AMD emphasizes efficiency with Barcelona
By Ed Sperling, Editor in Chief -- EDN, September 10, 2007
AMD has changed the way it designs processors, starting with a fixed power budget and building performance improvements around that.
The shift is largely due to the way that customers—particularly data centers—now buy servers. With cooling and power operating costs approaching the cost of the server hardware, many corporations have begun focusing on different buying criteria than in the past. Performance is one factor, but power savings are an ever-growing consideration.
Randy Allen, corporate VP in charge of AMD’s server and workstation productions division, said there are three considerations that companies make in buying server hardware—peak performance, performance per watt and performance per dollar. He said that performance per watt is the most difficult to measure, but the one that has become increasingly important in measuring return on investment.

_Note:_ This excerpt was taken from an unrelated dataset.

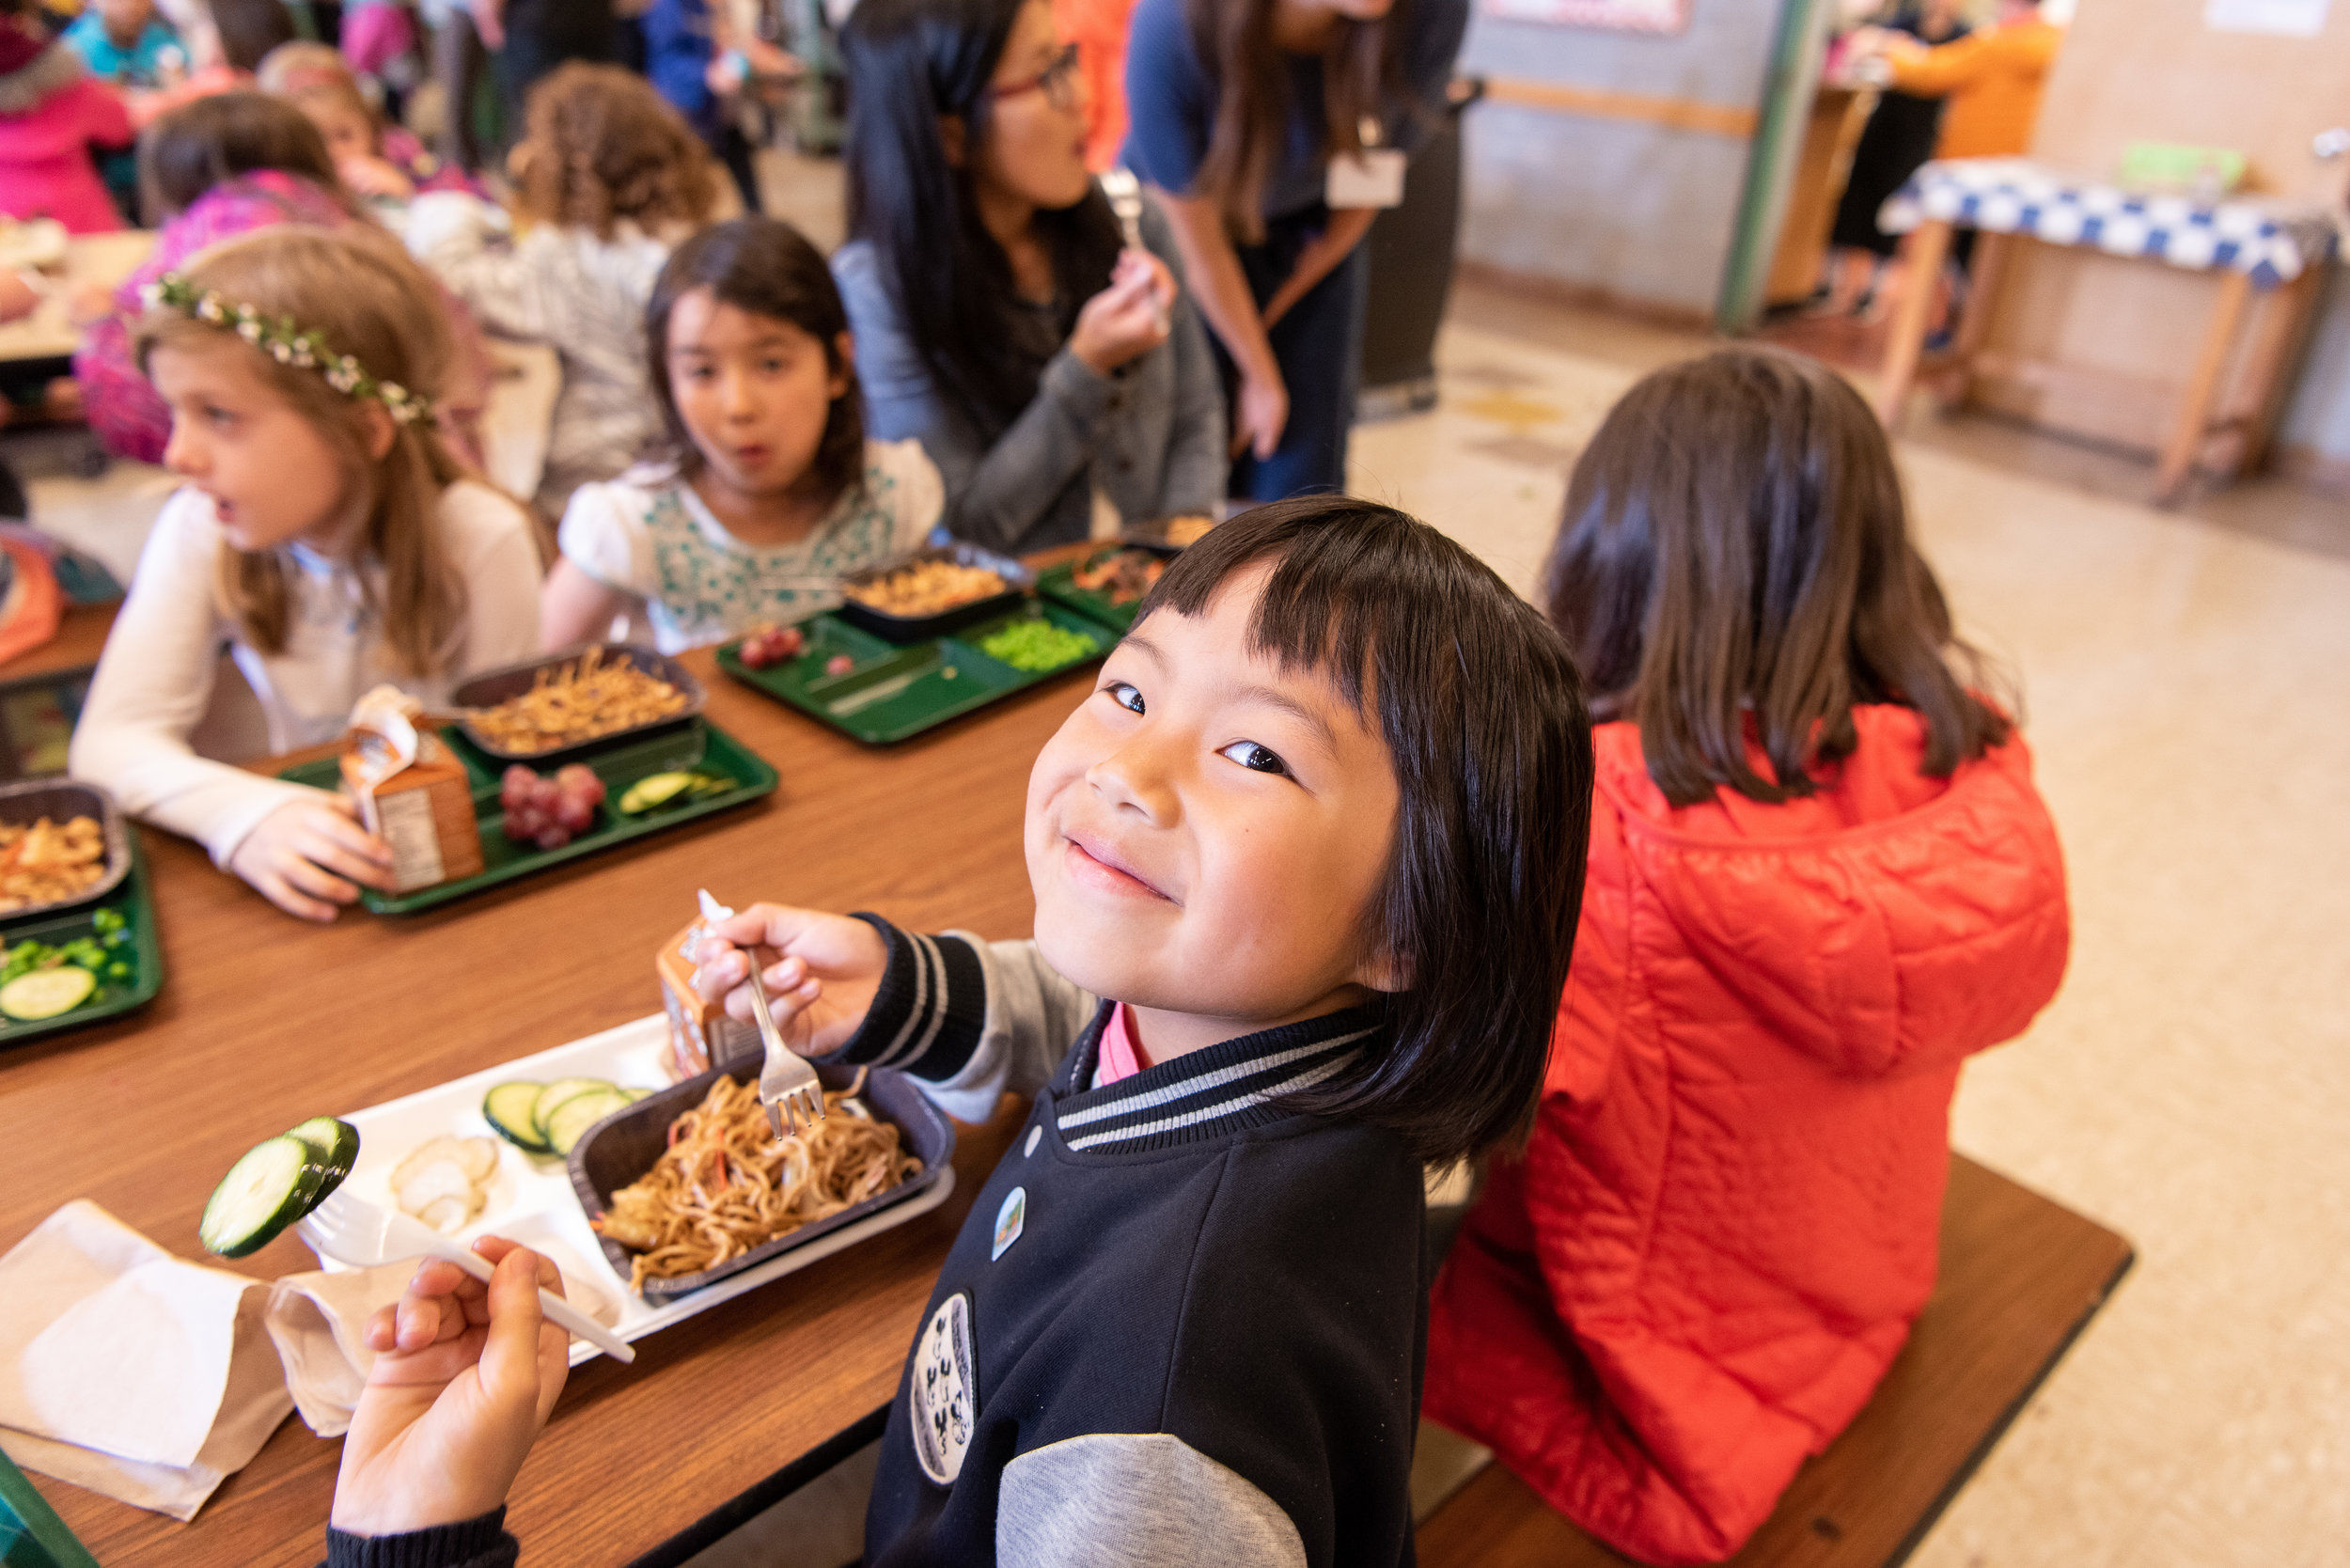 umi_school_lunch_cafeteria_0324.jpg

“The traditional buying criterion has been peak performance,” he said. “People would buy at the highest peak performance they could or they would buy on performance per dollar…This emergence of performance per watt has been dramatic over the last two years.”
Making processors more efficient by keeping the power consumption static has required some complex innovations. Allen said Barcelona includes such innovations as dynamically controlling power between cores, among other things. He said that in the second half of next year, AMD will move its Opteron server chips to 45nm processes, adding larger cache and hypertransport inside the chip as well as DDR3 memory.
Like Intel, AMD is focusing heavily on virtualization to improve efficiency within data centers. With many data center servers operating at between 5 percent to 15 percent efficiency, virtualization offers a way to greatly improve usage of those processors. Hector Ruiz, AMD’s chairman and CEO, said that virtualization will likely cause a short-term drop-off in sales to data centers, but he believes that will be a one-time blip that will last no more than a year.
“Virtualization will open the door for more than you can do today,” Ruiz said. “People will learn how to use virtualization.”
Efficiency is likely to become a marketing tool for selling the new chips, as well. AMD officials contend the new Barcelona chips are more efficient than rival Intel's quad-core processors due to the memory structure on the chips. "They have an external memory controll that takes two times more power than ours," said Allen.